Special Issue Information

Dear Colleagues,

Research and development activities related to plastics have seen unprecedented growth throughout the world over the last century. The entire spectrum of activities includes the production (polymerization), processing (additive manufacturing, blowing, casting, electrospinning, extrusion, injection molding, rotomolding, etc.) and characterization (chemical, electrical, mechanical, morphological, physical, rheological, thermal, etc.) of different resins and structures. However, research and development, in both experimental and theoretical areas, must be combined to achieve successful large-scale (industrial) production and reach commercial success. Furthermore, in recent years the widespread environmental concerns related to plastics production and disposal have shifted public policy and consumer attitudes, which resulted in a shift in activities towards more sustainable products and technologies. 

The research and development landscape is especially strong in Canada which always had, and continues to develop, a strong industrial component in the general field of polymers including biobased macromolecules (extraction and modification), complex structures (blends, composites, foams, multi-layers, hybrid systems), characterization and modeling (equipment, methods, software, tools,) and recycling (thermoplastics, thermosets, elastomers, etc.). 

Based on 2021 statistics, the Canadian plastics sectors includes over 1750 establishments directly involved in the production of different plastics products, while over 750 companies are indirectly involved [1]. Globally, the industry generates USD 2.1 Bn in net revenues with USD 26 Bn in total shipments. So, this industry is highly important for the country. 

A long tradition of important results has its origin from investigations carried out in Canada alone or in collaboration with other countries. One example is the famous Bagley correction for the analysis of rheological data obtained from capillary rheometry [2]. This method is still used today and represents an important contribution from the industrial sector since all the work was done inside a company (ICI Chemicals). Another example is the studies performed by the group of Prof. Musa Kamal on polymer crystallization kinetics and injection molding leading to the predictions of morphological structures and transition temperatures [3]. These pioneering works are still the basis for new development all around the world and several more important results can be found in the scientific literature. 

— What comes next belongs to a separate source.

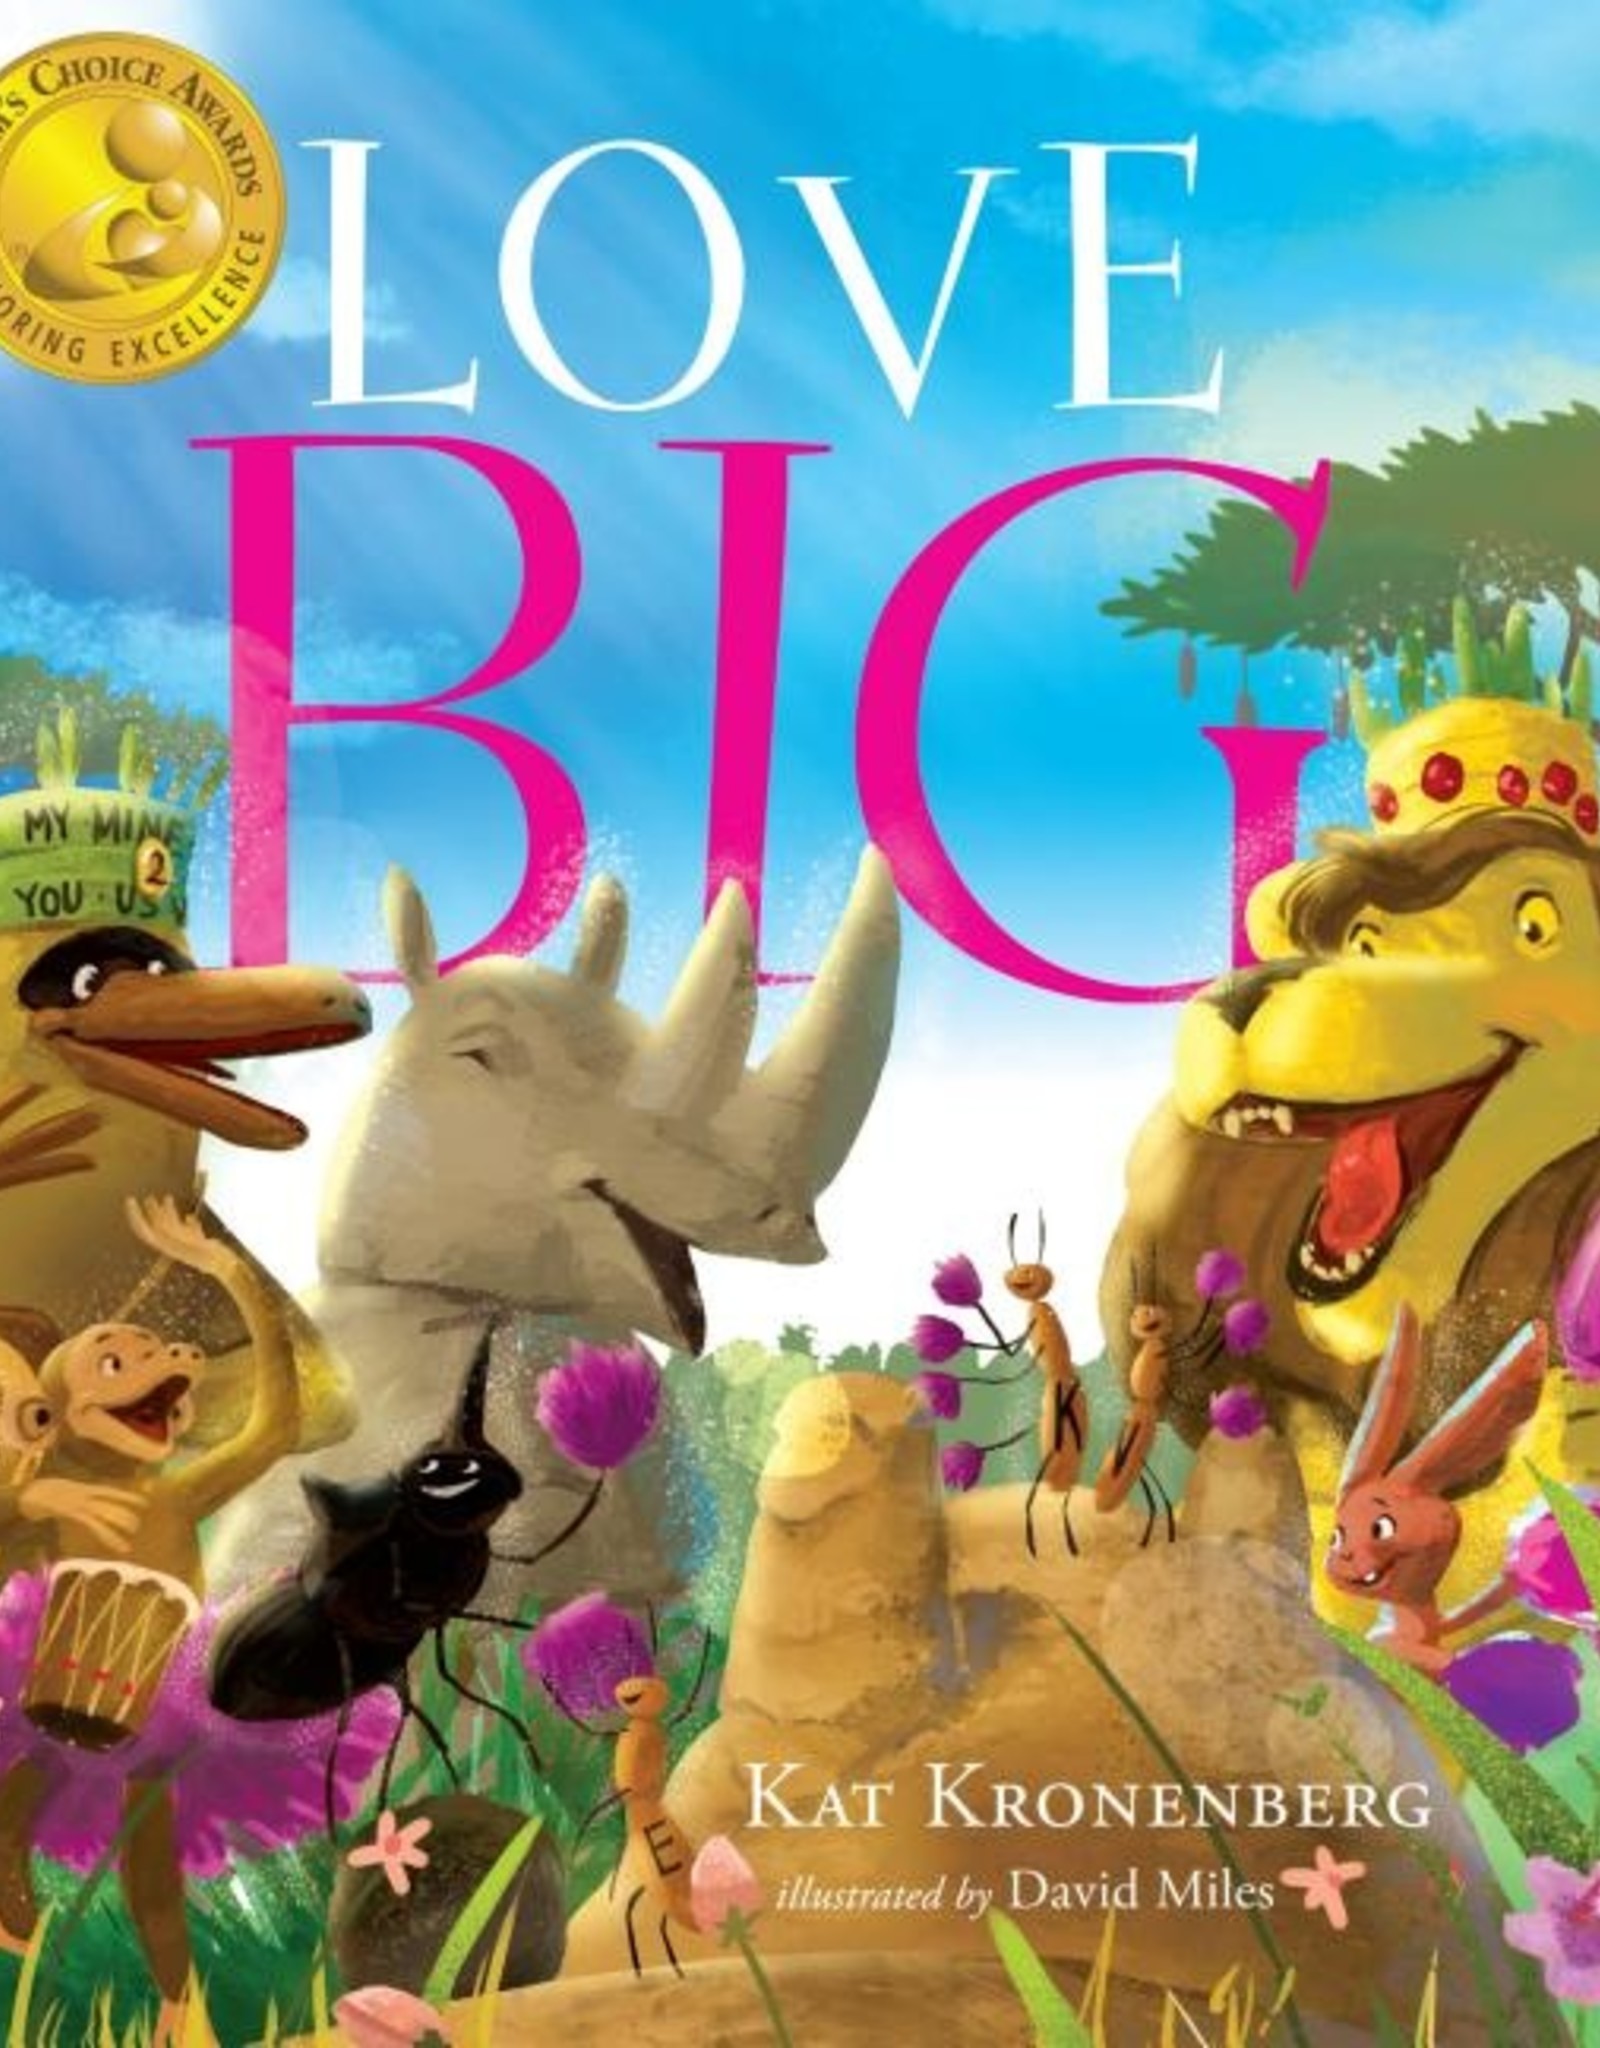 Love Big / Kat Kronenberg

On the industrial side, two important companies were originally involved in the polymer business in Canada. The Polymer Corporation Ltd. was founded in 1942 to help in the war effort by producing synthetic rubber-based materials [4,5]. This institution led to major developments in organic and polymer chemistry leading to the Polysar corporation [6]. The other main area was associated with the Xerox research center working on different types of polymerization reactions [7]. These results led to several opportunities in industrial chemistry, especially radical polymerization. A more specific overview on the history of the Canadian plastics industrial sector can be found in the book of R. Zarboni (Canadian Plastics Pioneers 1950-2000) [8]. Today, Nova Chemicals is at the forefront of technological development in the production of polymer resins (mainly polyolefins) [9].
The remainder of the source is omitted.